Monday, August 14, 2017

Crocs at Rutland, Vt. 1704 Miles

 August 2  Autumn Inn  Bennington Vt.  1610 Miles
Walked 10 miles to Bennington, VT and called the local motel. I was
picked up and taken to the motel for seven dollars. I walked a few miles to the Post Office and picked up my winter pants that I had sent home a couple of months ago. I bought some food and resupply at the convenience store and went back to the motel and slept and watched Good Will Hunting on the TV.  Great movie. It moved me enough so that I called Terrie and tell her how much I appreciated her.


August 3  Goddard Shelter Vt. 1620 Miles
Peter, a Taiwanese-American hiker, and I bargained with the Indian shuttle driver over the seven dollars again. Persistent bastard. Then the driver took us to the trailhead where I met Jaws, an ex-Army officer, and began hiking with him.
Jaws, despite the name, is a thin bearded guy thirty-something who eats a lot and so that is how he got his name.  He is with a group of ex-army folks who are out walking the trail in the name of PTSD veterans. He was a bodyguard for a General in Afghanistan and served a number of years.
Today his back was hurting him. He twisted it when he slid on a rock. Sounds like a backstrain. He was walking slower which was about my normal pace.
It was a clear day and muddy. Vermont is famous for its mud as Pennsylvania is famous for its rocks. I learned to just let the mud cover my shoe and walk though most of it. Sure beats walking on point rocks.
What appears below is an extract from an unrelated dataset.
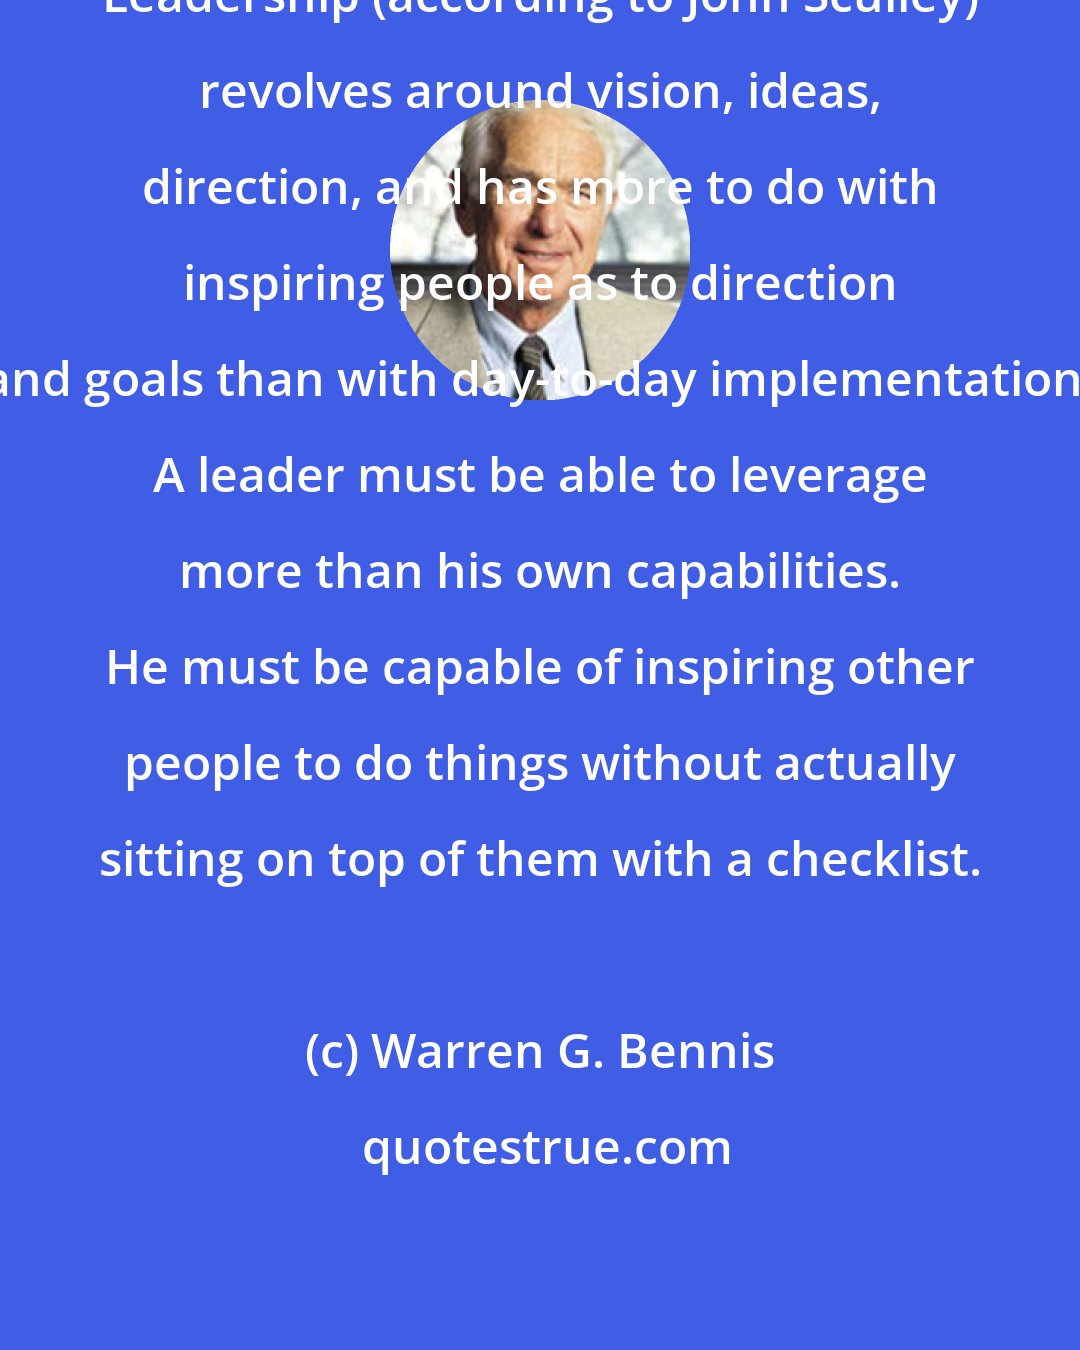 Warren G. Bennis: Leadership (according to John Sculley) revolves around vision, ideas, direction, and has more to do with inspiring people as to direction and goals than with day-to-day implementation. A leader must be able to leverage more than his own capabilities. He must be capable of inspiring other people to do things without actually sitting on top of them with a checklist.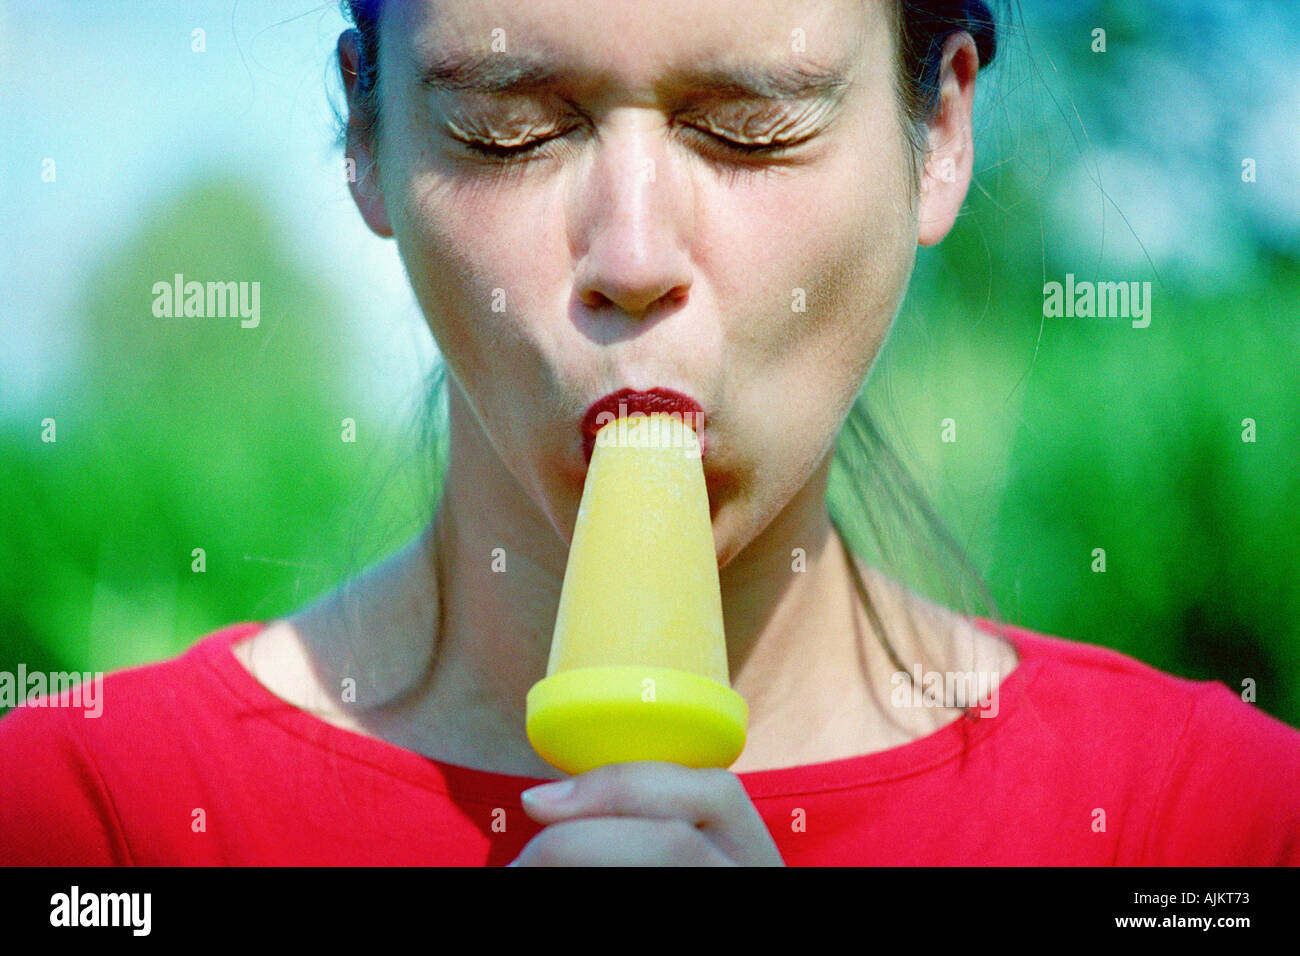 Woman eating an ice lolly Stock Photo

And actually, it didn't seem that much to me at all. Perhaps more after a rain.

We got to the top of a hill and Jaws met a couple who were a part of his group. They suggested he go to a service road and get picked up and taken to a clinic back in Bennington. He would have to go back the way we came. What a drag.  I left him there and went to toward the shelter with the couple behind me.
Then it began to thunder and I began booking it up the hill, practically running. I made it to the top of the hill and the shelter and Peter was there and several others. Then the couple came in. Then it began to pour.
I set up my bag in the 8 person shelter and then Jaws showed up drenched. I let him have a short swig of a small bottle of whiskey that I carry and gave him some pain pills. He planned to go down tomorrow if it was worse.
The couple and a few more people decided to leave and walk five miles to the next shelter after the rain let up. And then 15 minutes later it poured again. You know they must have gotten drenched.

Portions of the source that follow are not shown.